Except for images, print the whole listing verbatim.

SUPPLIED DATA:
=====
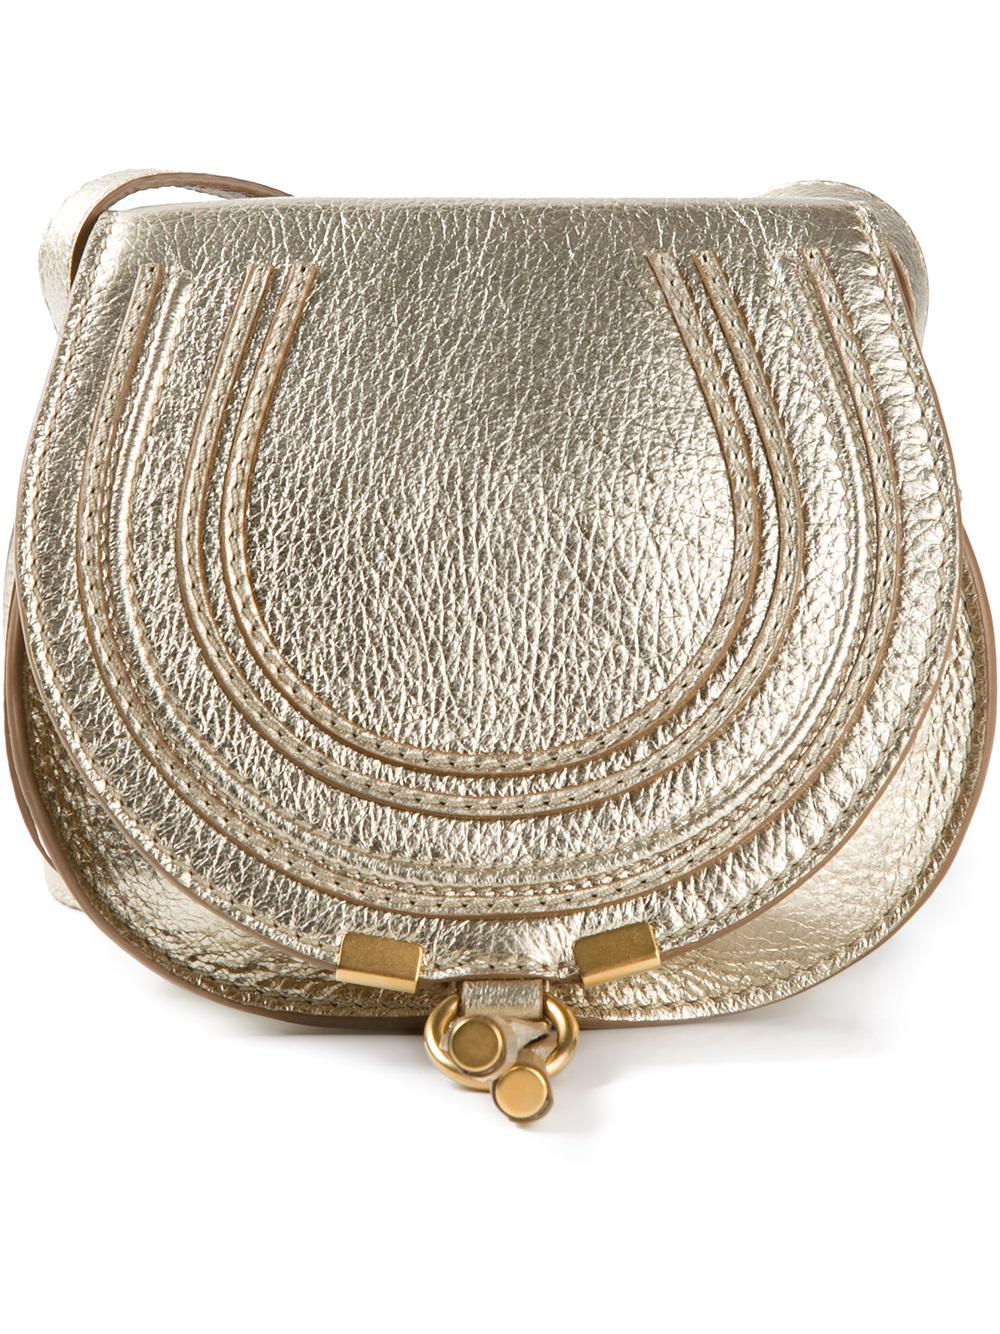 8fc3c90c Chloé Metallic Small Marcie Crossbody Bag
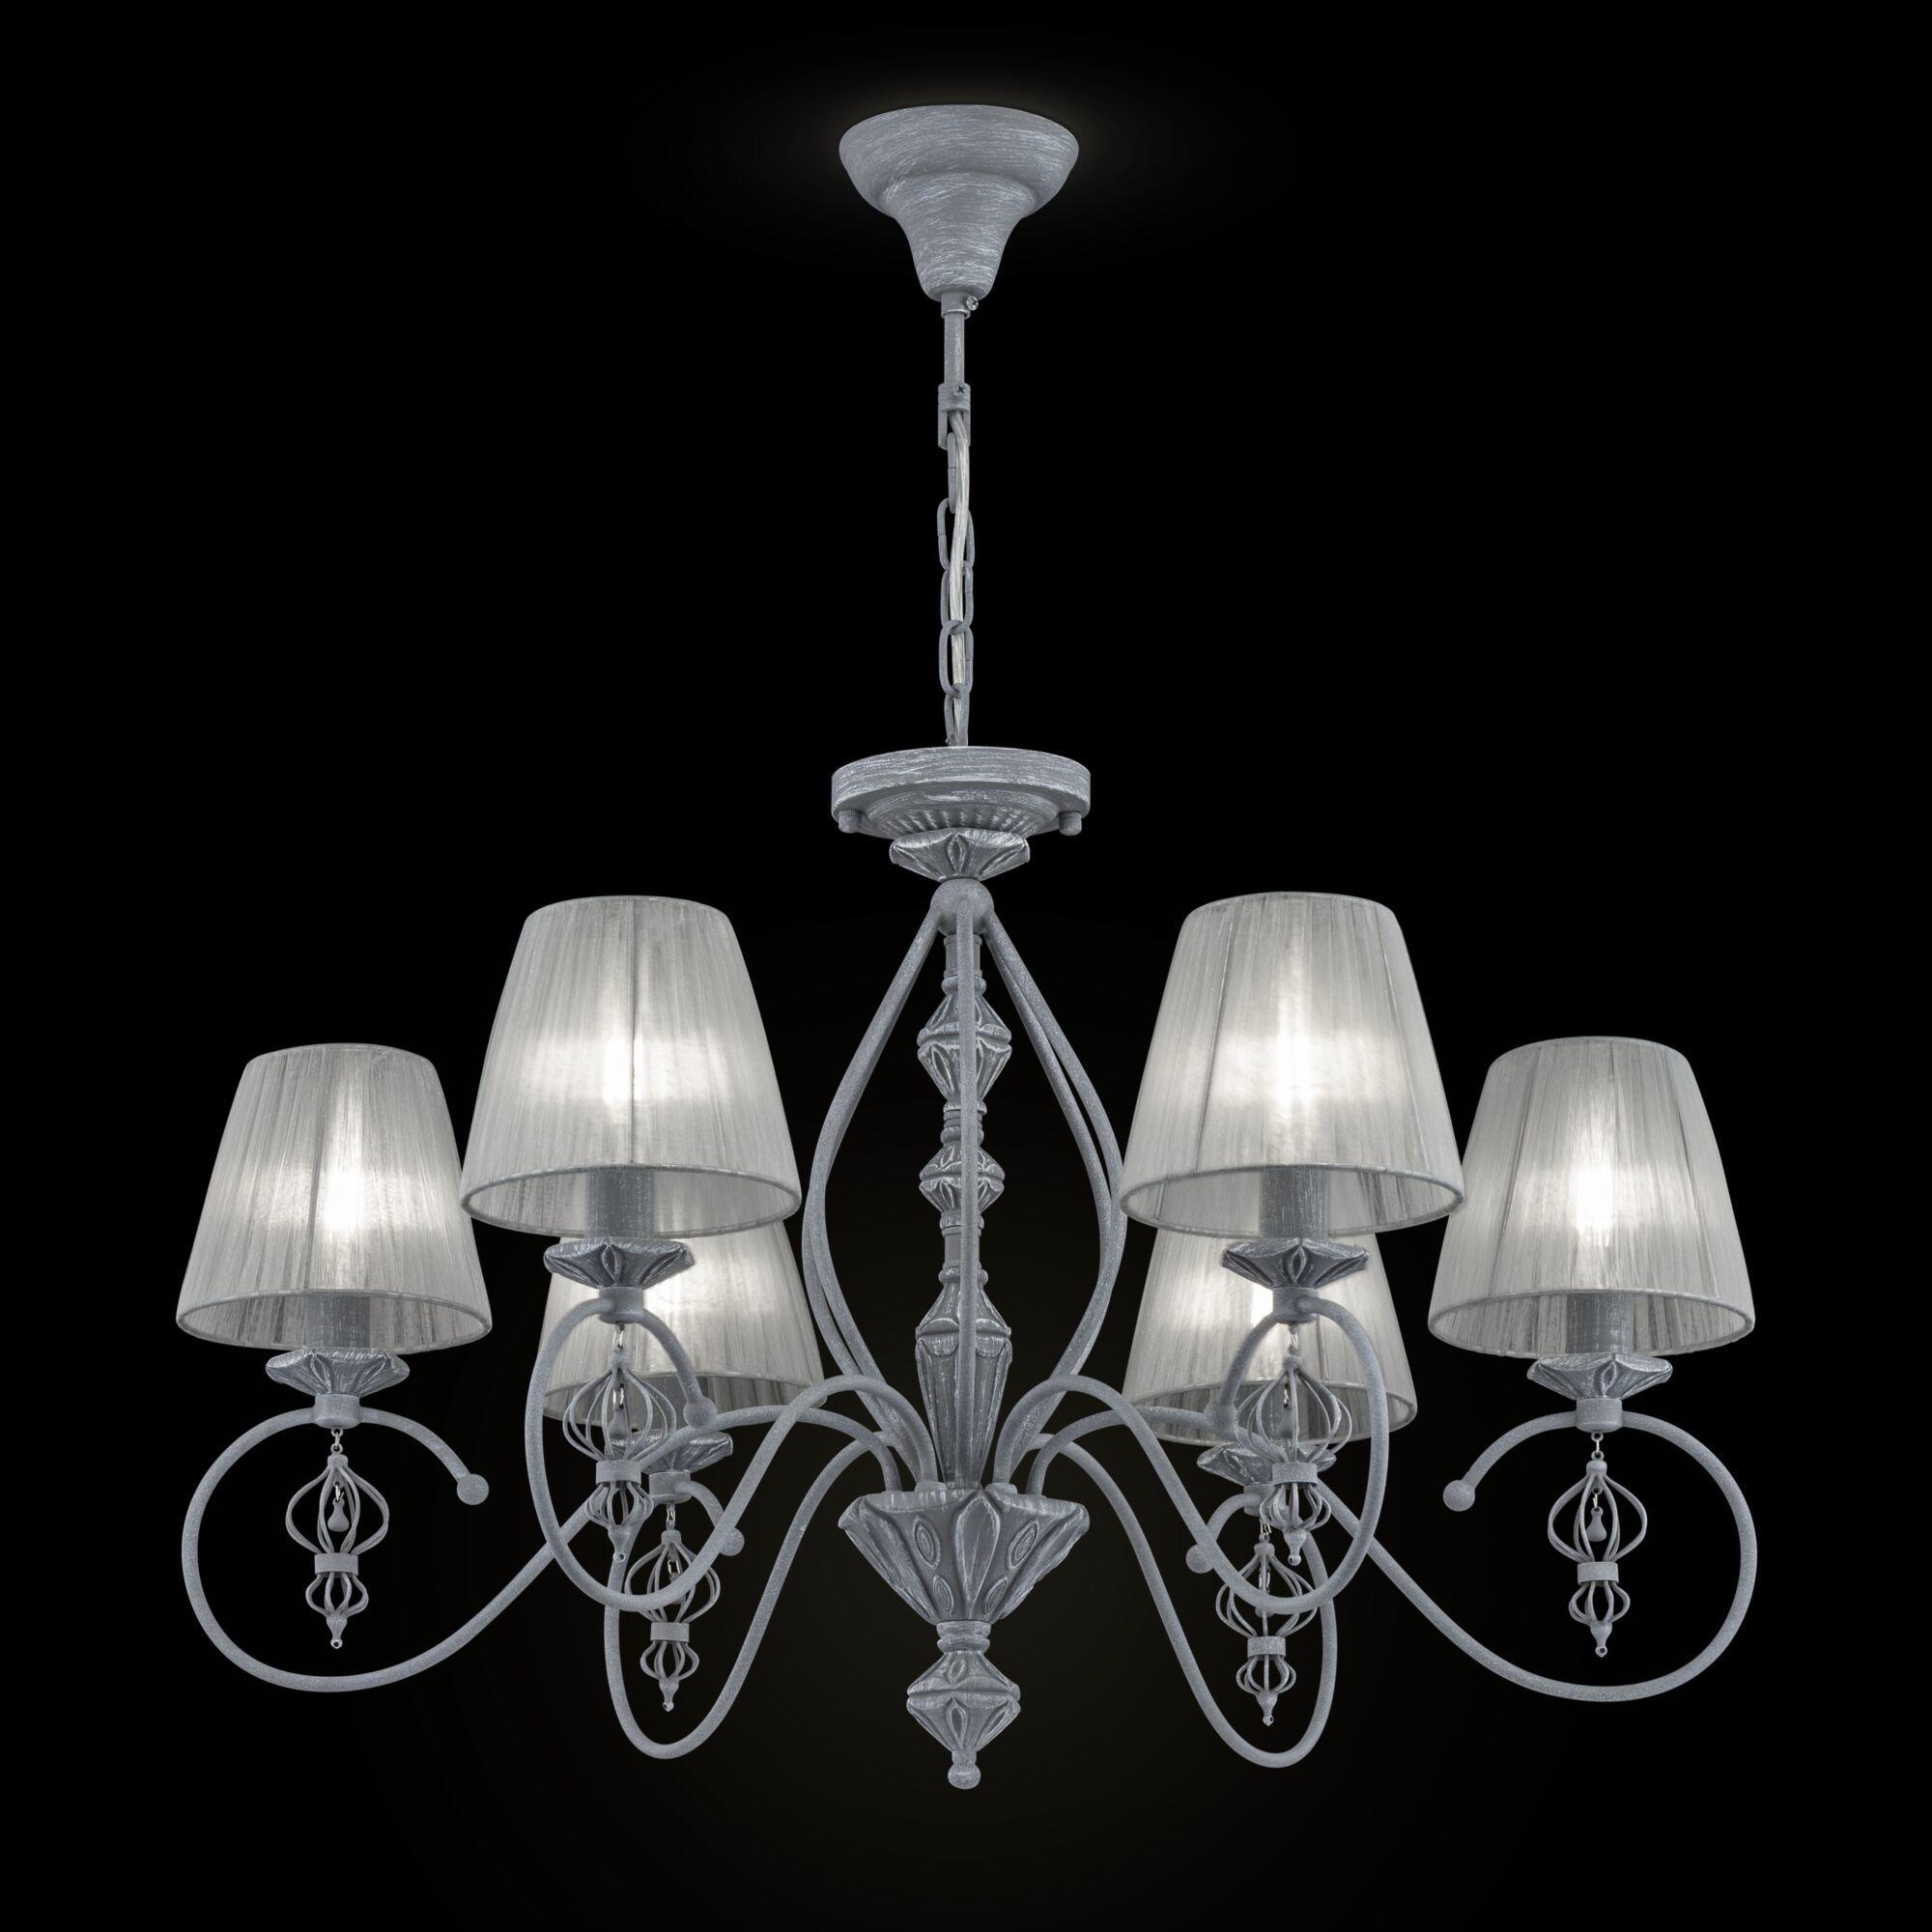 Потолочно-подвесная люстра Maytoni Classic Elegant Monsoon ARM154-06-S, 6xE14x40W, серый, металл, текстиль - фото 1
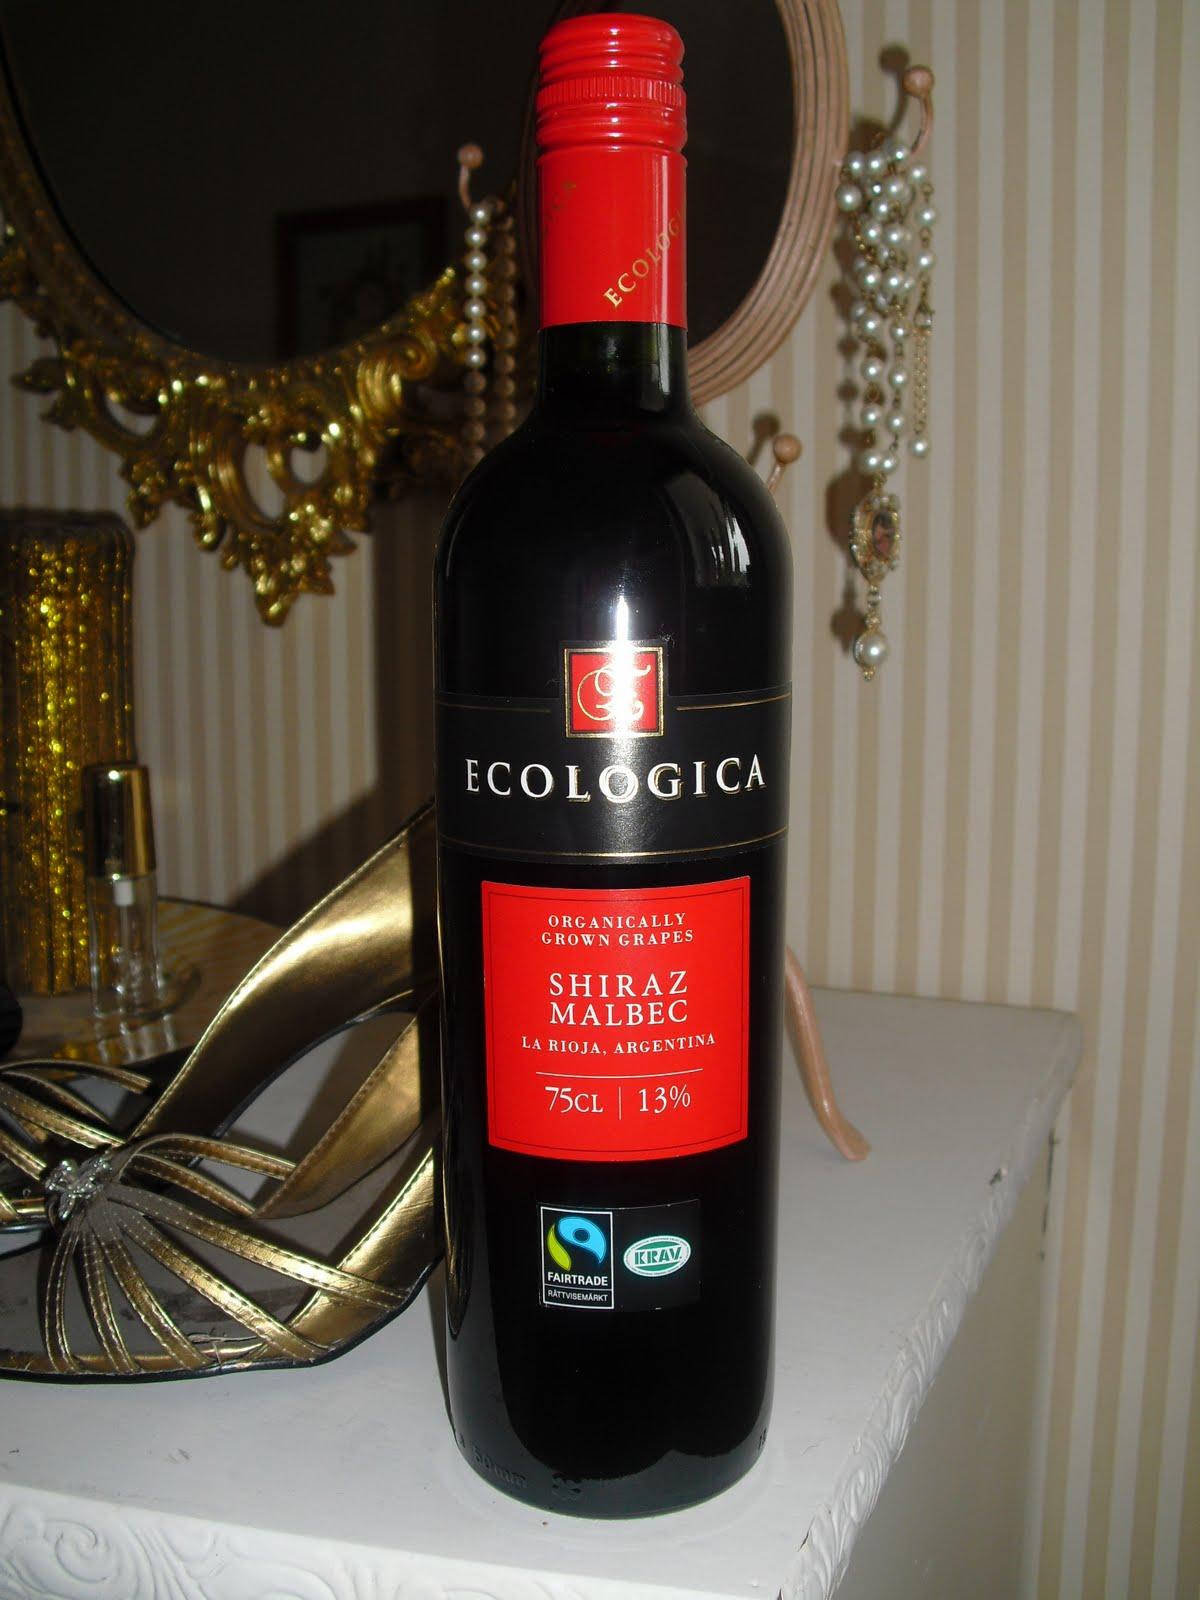 en kjent vin
=====
RESPONSE AREA:
 8fc3c90c Chloé Metallic Small Marcie Crossbody Bag
 Потолочно-подвесная люстра Maytoni Classic Elegant Monsoon ARM154-06-S, 6xE14x40W, серый, металл, текстиль - фото 1
 en kjent vin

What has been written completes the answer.